在華貿集團的倉庫中,庫存大豆已有50萬噸之多。對多頭更不利的是,2#大豆(轉基因大豆)即將被大連商品交易所推出來。
陳家威坐立不安,短短几天時間,大豆的價格已經下跌了500多點。帳面利潤正急劇縮水。吸取了2002年失敗教訓的陳家威透過股票市場的融資擺脫了困境,2003年再度進入期貨市場,他知道作為投機性資金,做多比做空的主動性大。他是2003年大豆市場的主多,大豆價格的上漲使他在2004年初從期貨市場的收益遠遠高於2002年在大豆市場的損失。然而,隨著9月大豆攀上4000元/噸後,價格再難上臺階了。
期貨市場和股票市場有一個普遍的規律:雖然行情有2/3的時間處於上升時間,但只需要不到1/3的時間,就可以將上漲完全吞噬。下跌的速度常常比上漲的速度快得多。
眼下就是如此,幾天時間,大半年的收穫就回去了一小半。陳家威心痛不已。他一面將贏利兌現,一面到處打聽突然殺進空方大軍的華貿集團的底細。

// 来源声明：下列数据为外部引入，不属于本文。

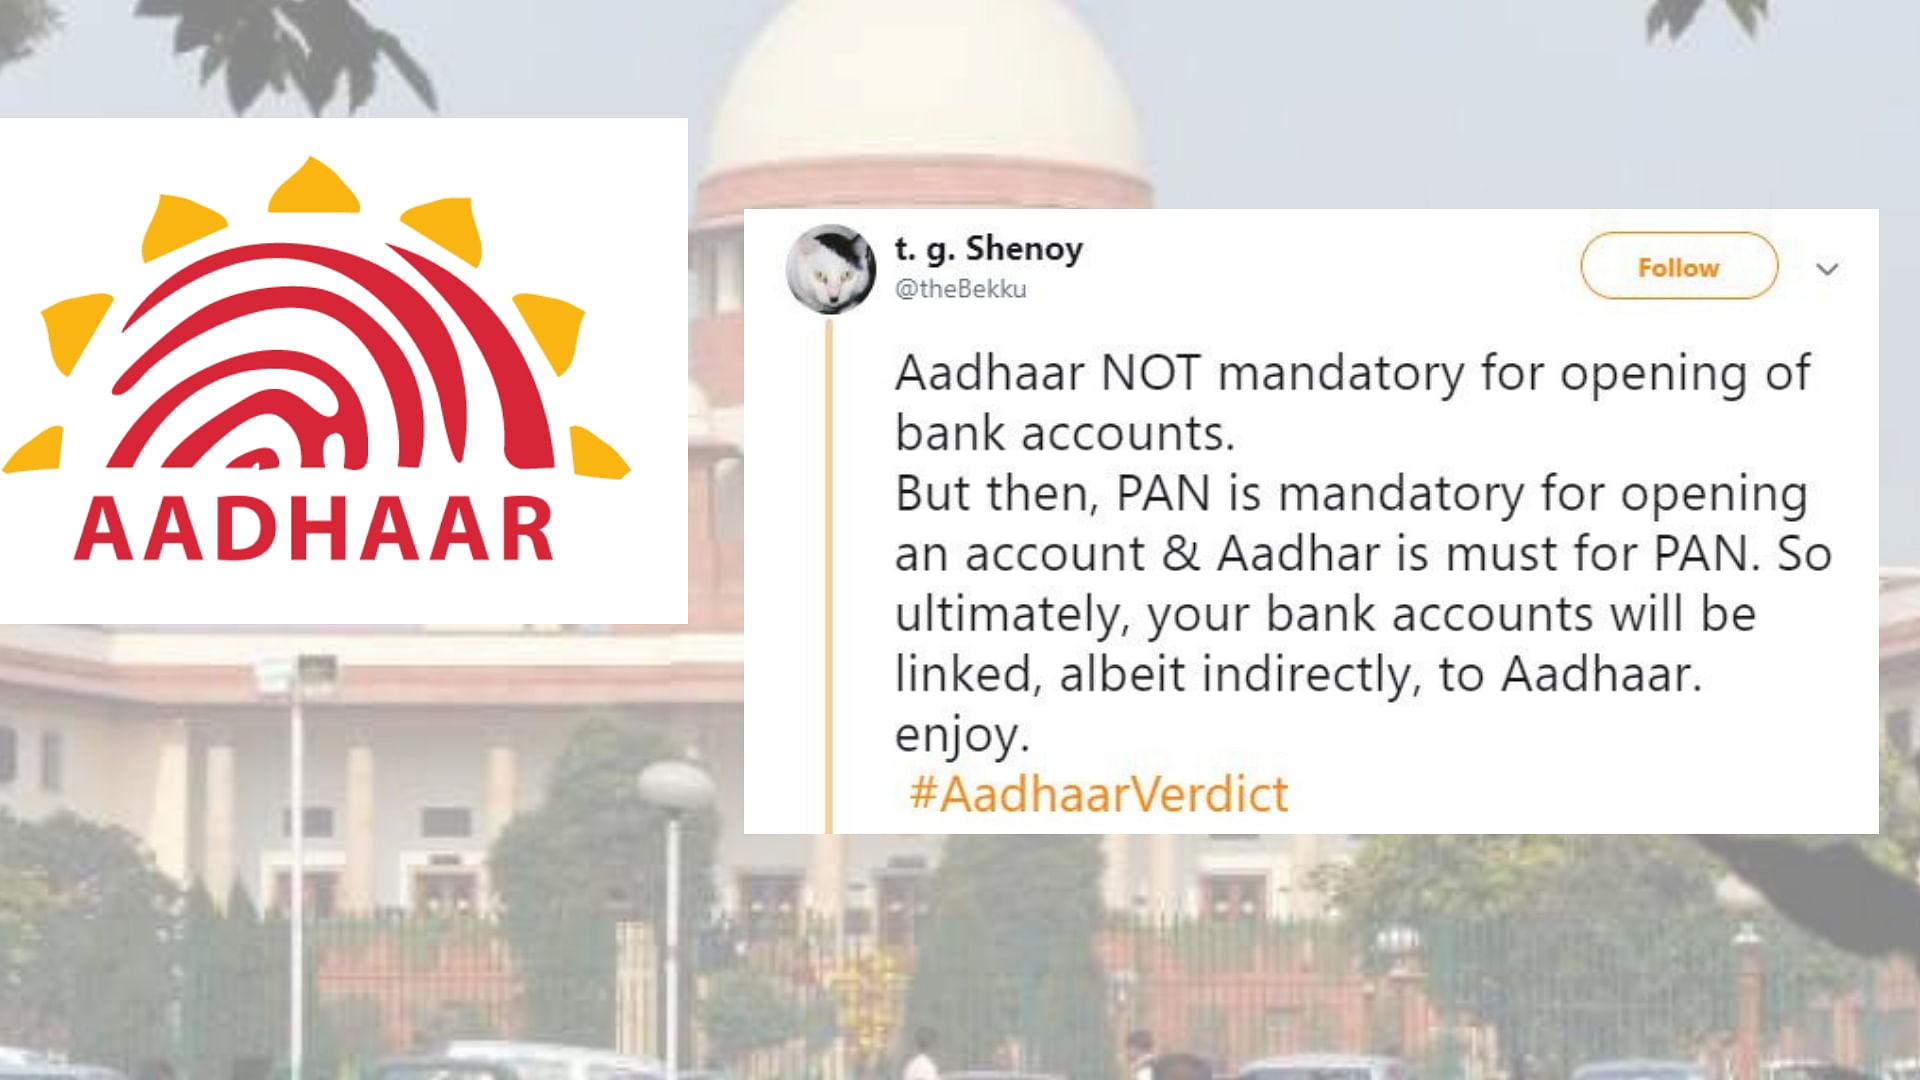 The majority judgment struck down the linking of mobile numbers and bank accounts to Aadhaar, but it will still be required to get a PAN card and to file I-T returns.

朱夢面對陳丹的讚美和感激,得意之餘有了欣慰:眼見陳家威就可能再度成為自己的手下敗將,她總算為陳暢出了一口氣。雖然,楊洪和張林依然活躍在期貨市場和商場上。但至少,她讓陳丹看到了希望。
“這棟樓是陳暢以前的老闆的。你可以在這裡多住一段時間。不過,我不住在這裡。”
朱夢溫柔地對陳丹說。她和陳丹站在陽臺。從這裡隱約可見移動的船影,淡抹的雲彩飄在海與天交際之處。正是早春,園子裡薔薇已經爬滿了別墅四周,玫瑰吐露著花蕾,微風吹過,飄散在風中的清醒的味道傳播著春的生機。這棟別墅正在改頭換面。
“朱經理,有人找。”
秦凌站在門口,揚聲叫道。
。。
情死(二)
秦凌站在門口,揚聲叫道。
朱夢轉身回到辦公室,一眼就見辦公室裡已經安坐著幾位陌生男子。餘濤滿臉緊張,陪著笑和對面一個健壯的中年男人閒話。喬鈞楓一見她,幸災樂禍地大聲介紹:
“陳老闆,這就是我們公司負責操盤的朱鵲經理。”
和餘濤正侃著的中年男人站起身,犀利的目光轉向朱夢。朱夢毫不退讓地直視著他。兩個人似乎用目光交戰了一番。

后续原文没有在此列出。